# I purchased and built a flat-pack vivarium, but now the glass won't fit...



## BeautifulNightmare (Apr 7, 2010)

I just built a vivarium which arrived as a flat-pack. I was proud of it. =)

But the problem is the glass doesn't fit properly, balances in just about but if my beardie starts glass-dancing against it then I know it will fall out. I went around and tightened everything, I even took the top off again to tighten up the screws but it still won't fit properly. :banghead:

Does anyone have any ideas?

It's a Vivexotic LX48 Viv if that helps.


----------



## rum&coke (Apr 19, 2009)

put more viv's ontop of it, I can hardly open my beardies viv now because of that :lol2:


----------



## BeautifulNightmare (Apr 7, 2010)

Thanks! But I figured it out. :2thumb:

After Googling it I found that someone asked a similar question before on here. Turns out that the runners the glass goes into are different, the deeper one needs to go at the top and the other at the bottom, it fits now! Yay!

:thumb:


----------



## Mikeysm (Sep 26, 2009)

rum&coke said:


> put more viv's ontop of it, I can hardly open my beardies viv now because of that :lol2:


Lol thats what I did. Was realy hard to open :lol2:



BeautifulNightmare said:


> Thanks! But I figured it out. :2thumb:
> 
> After Googling it I found that someone asked a similar question before on here. Turns out that the runners the glass goes into are different, the deeper one needs to go at the top and the other at the bottom, it fits now! Yay!
> 
> :thumb:


Been there before too :lol2:

Glad you got sorted.


----------



## Jomel (Nov 22, 2007)

Did it with my first viv exotic! Nice vivs though.

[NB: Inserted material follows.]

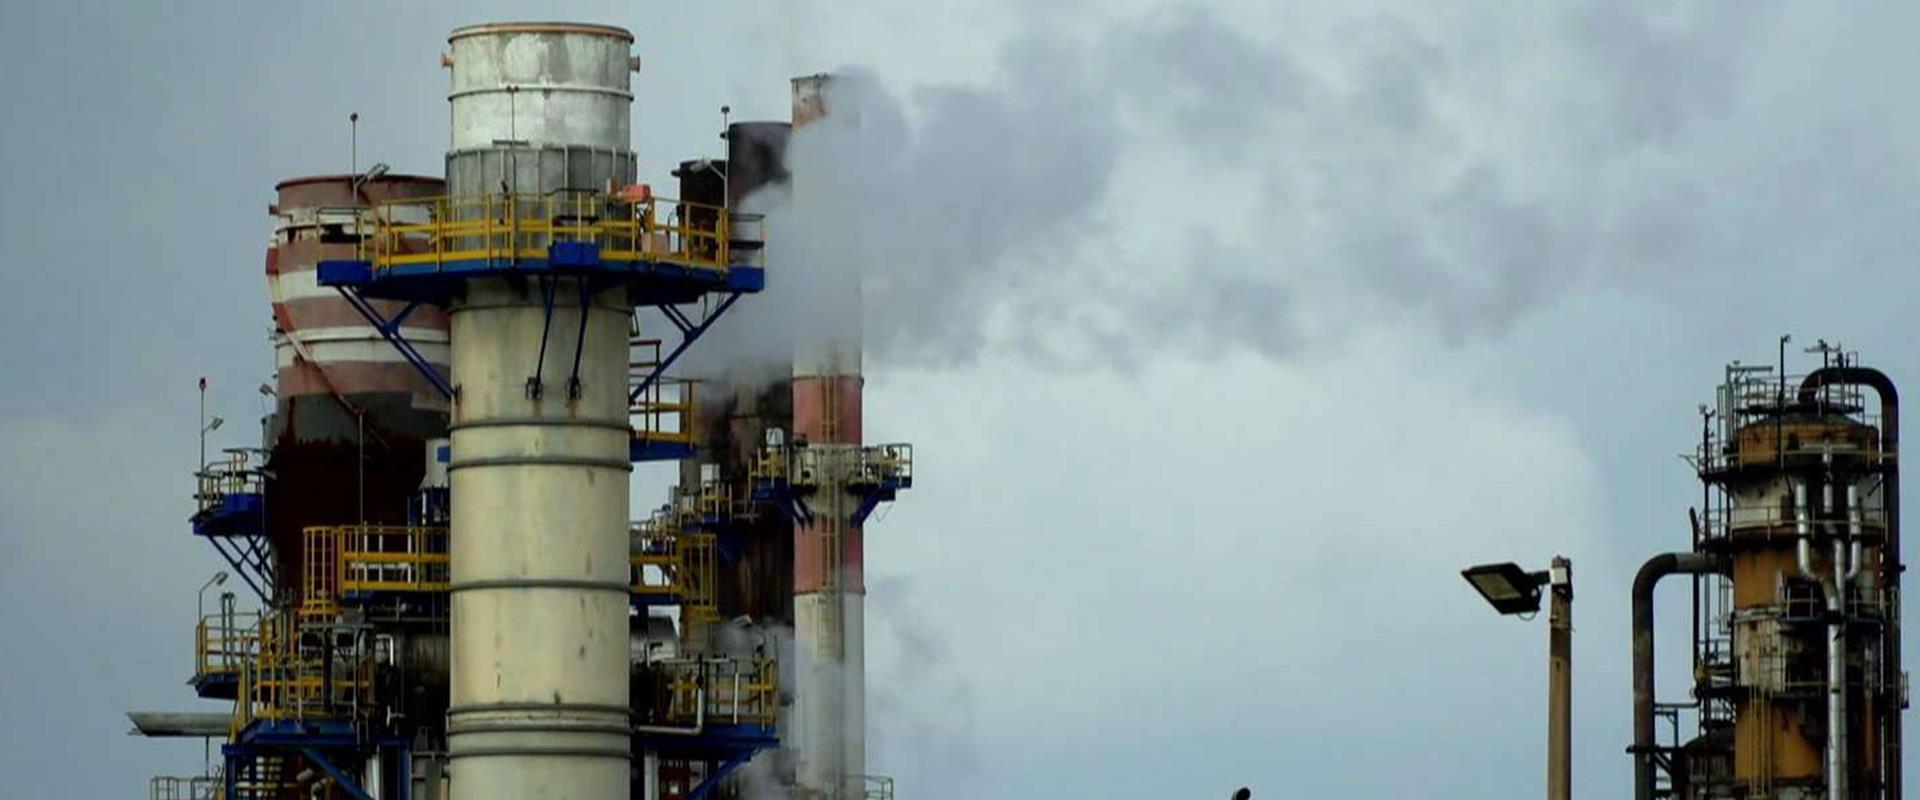 מחדל הזיהום באשדוד | מה מזהם את האוויר בדרום?
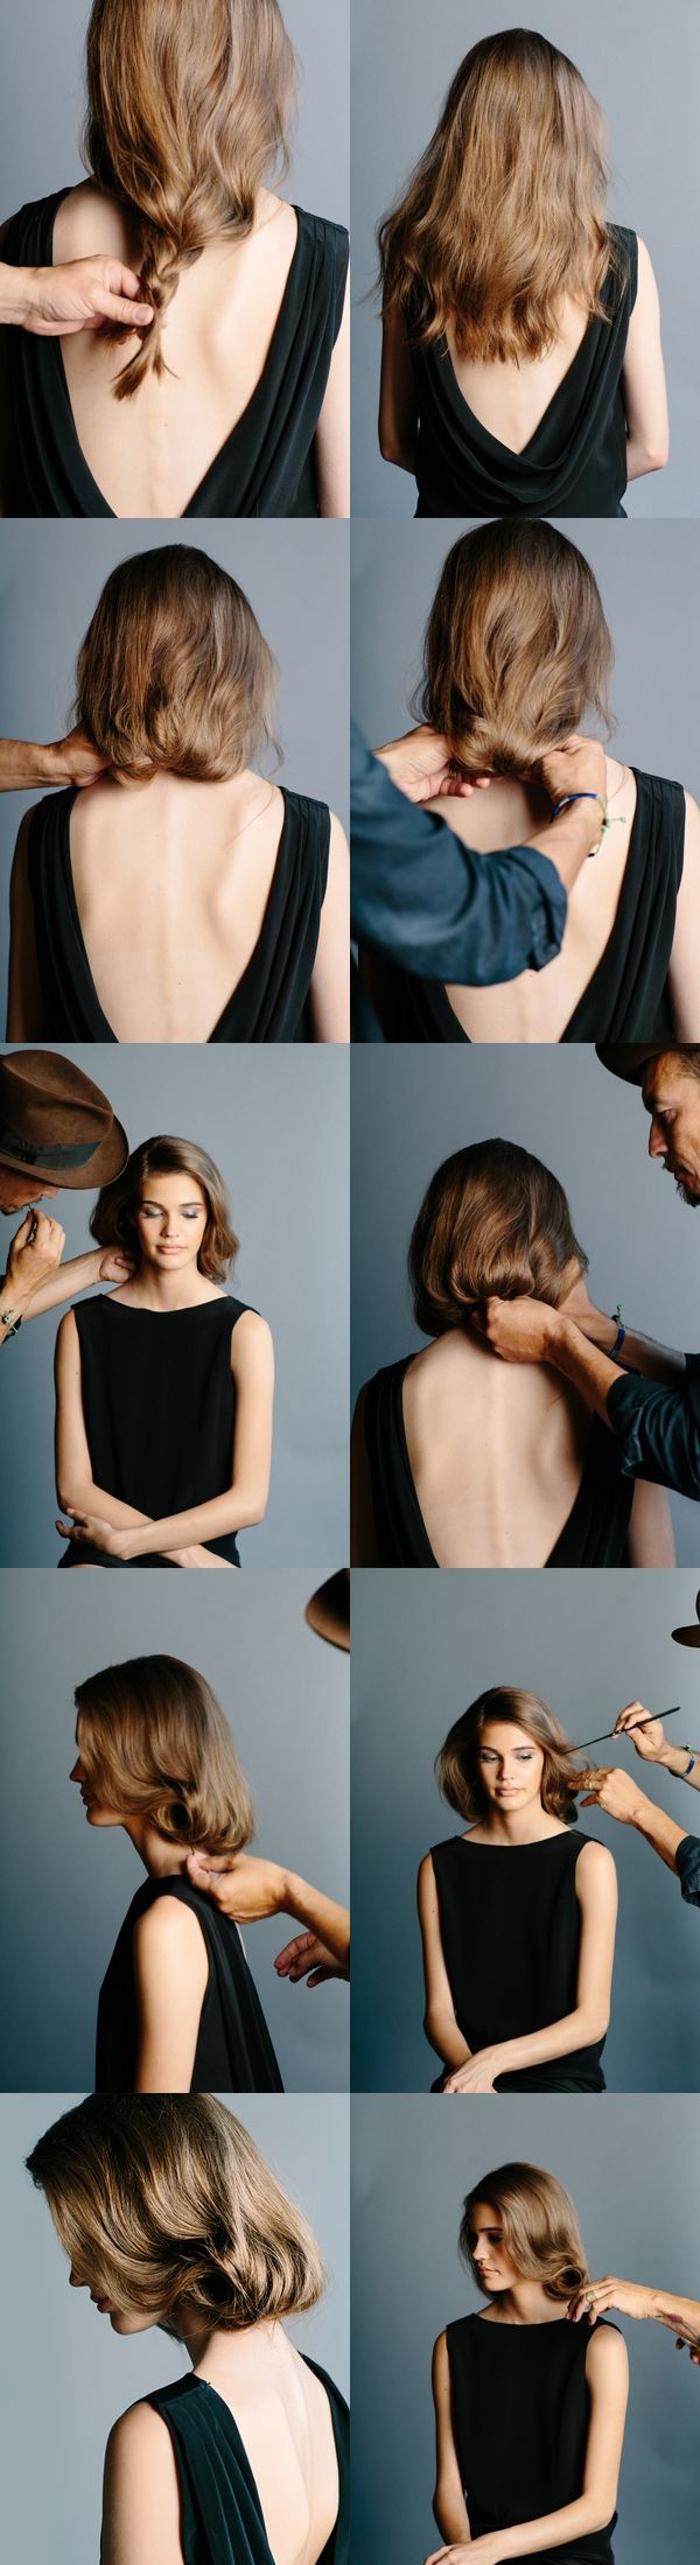 comment réaliser un faux carré à inspiration rétro coiffure femme année 50

The bigger runner goes at the top :devil: :devil: :devil:

Glad you worked it out :lol2:

Paul


----------



## chewy86 (Mar 12, 2009)

this got me also nearly cried had built the ex55 alone upside down as you have to flipped it myself in small space then glass wont fit glad i tried that before i started self harming :lol2:


----------



## Morgan Freeman (Jan 14, 2009)

Schoolboy error!


----------



## nack_blue (May 18, 2010)

Just put it straight and slowly, it definately fixed.


----------